Sunday, June 13, 2010

Winery tour - L.A. style!

Last summer we went on to France, and experienced one of the most amazing trips of our lives, touring the Cote d'Or wine country where the best and most venerated wines in the world are made.

And that same fall we traveled to wine country closer to home - Santa Barbara County. This area is one of California's most beautiful regions. This is the area made famous in the movie "Sideways" - and rightly so.

When one thinks of winery tours, country villages, ancient cellars, and fields of vines and flowers on rolling hills come to mind.

Yet right here in one of Los Angeles' most industrial neighborhood, there's a winery that will surprise and delight you if you come to take a tour.

Lincoln Heights is northeast of Chinatown and just east of the railroad tracks and the Los Angeles River. It's one of the oldest neighborhoods in Los Angeles, dating from the 1830s when the wealthiest residents built their homes to overlook the river. By the turn of the century, however, industrial development and the railroad yards drove out the wealthy to quieter Pasadena, and the area became home to Mexican-American working class and to Italian immigrants.

One of these immigrants was Santo Cambianica, who started the San Antonio winery in 1917 - naming it after his patron saint, St. Anthony. Santo's devotion to the church brought him luck - in 1919 when Prohibition came in and alcohol was outlawed, his contracts with the local Catholic church to provide sacramental wine kept him in business while his competition failed.

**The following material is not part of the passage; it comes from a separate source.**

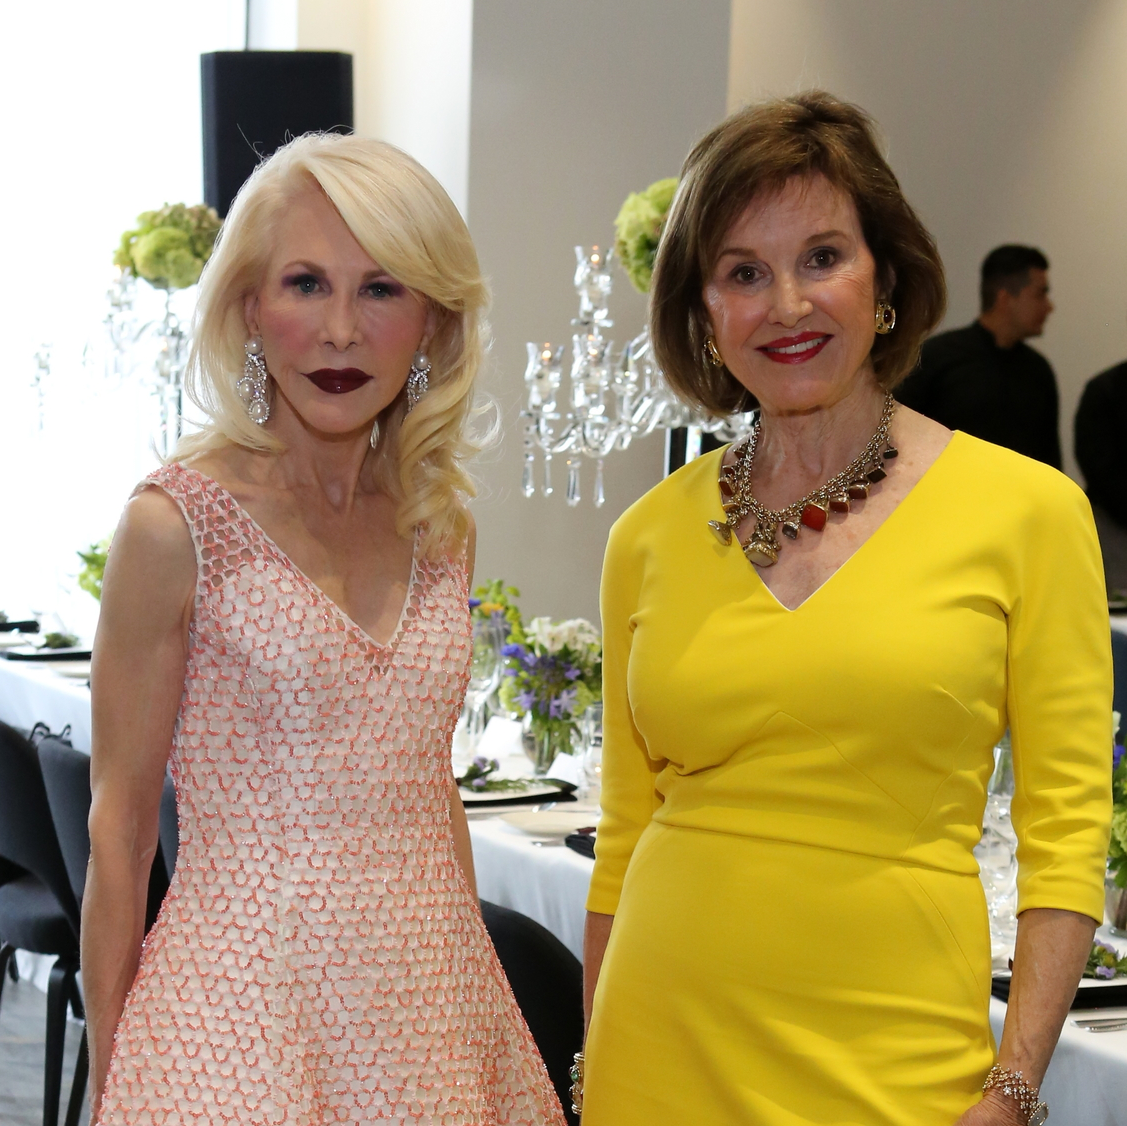 Saks Opening Dinner for HGO 4/16, Diane Lokey Farb, Donna Josey

In 1936 Santo's nephew Stefano Riboli joined him. Although development razed the grape fields in Los Angeles County, the winery continued, making wine from grapes grown in north California counties.

Here's a view of the street the winery is on

Today, Stefano Riboli and his wife, Maddalena still own and operate San Antonio Winery - from the very same site Santo Cambianica founded it in Lincoln Heights. It's next to the train tracks, and across the street from a giant UPS distribution center.

You can take a tour and see the huge stainless steel tanks where the initial fermentation takes place, and the racks of oak barrels where the wine then ages.


I learned about this place from my friend Barbara, at the blog Table Conversations. Her description of the lamb sandwich sounded so good we had to go. We went on a Sunday afternoon, and the restaurant and the wine shop were both full.

You choose your meal from a display at the entrance, then you order your food from the counter, and slide your cafeteria tray along to the cashier - though it's cafeteria style, it's still elegant, with linen napkins and glass stemware for the selections of wine by the glass. We chose sandwiches - a tarragon-flavored chicken salad for me and a Mediterranean vegetable sandwich for [The Man I Love].

Mediterranean vegetable sandwich and a glass of Heritage White

A guitarist played in the corner, and one long table was filled with a family numbering perhaps two dozen members. It was a family place, a date place, a place with tourists and a place where serious wine-lovers sipped and held forth.Next to us on one side, two older African American ladies enjoyed a lunch and two glasses of merlot. Beyond, a young couple sipped the house Sangria from tall curvy glasses. A dignified older man and a younger companion sat at table, a bottle of red next to them, talking about the wine business.

Chicken tarragon sandwich on whole-grain ciabatta, with fresh potato chips

It was a great and vibrant scene. We love touring the serene rural vineyards of Santa Barbara and Burgundy, but this was different - this was L.A.! This was full of noise and chatter, bustle and glow. Huge casks lined the walls of the restaurant, decked in strings of twinkle lights. The gift shop teemed with fancy wine accessories, and the wine shop itself was crammed with people at the tasting counters.

We took the tour, led by a recent graduate of UC Davis's wine program. She was smart and funny, and deftly tacked between explaining elementary viticulture to novices and answering questions from budding wine geeks.

We hoped to do a tasting, but the shop was so crowded we couldn't find a spot. We vowed to come back during a weekday, when it was less busy. But we will come back.

If you're visiting Los Angeles, this is a fun place to visit. If you live in L.A. and haven't been here before - go. It's yet another unknown facet of this amazing city we live in.

3 comments:

Pumpkin Delight (Kimberly) said...

oh, wow! that sounds like a fun trip in my own backyard. i'm going to check it out this summer...thanks for the tip

Ashley said...

Hi Aunt Snow! Coming over to say I want in on whatever other forum gets started. Livejournal is a great site for communal posting and commenting. You can make community membership open or restricted and on an approval basis (and can change settings at any time). However, people won't often stumble across a Livejournal community. So, pros and cons.

Sigh. I'm sad.

Whiskeymarie said...

Sounds great- one of these days I need to venture south of San Fran when I visit CA.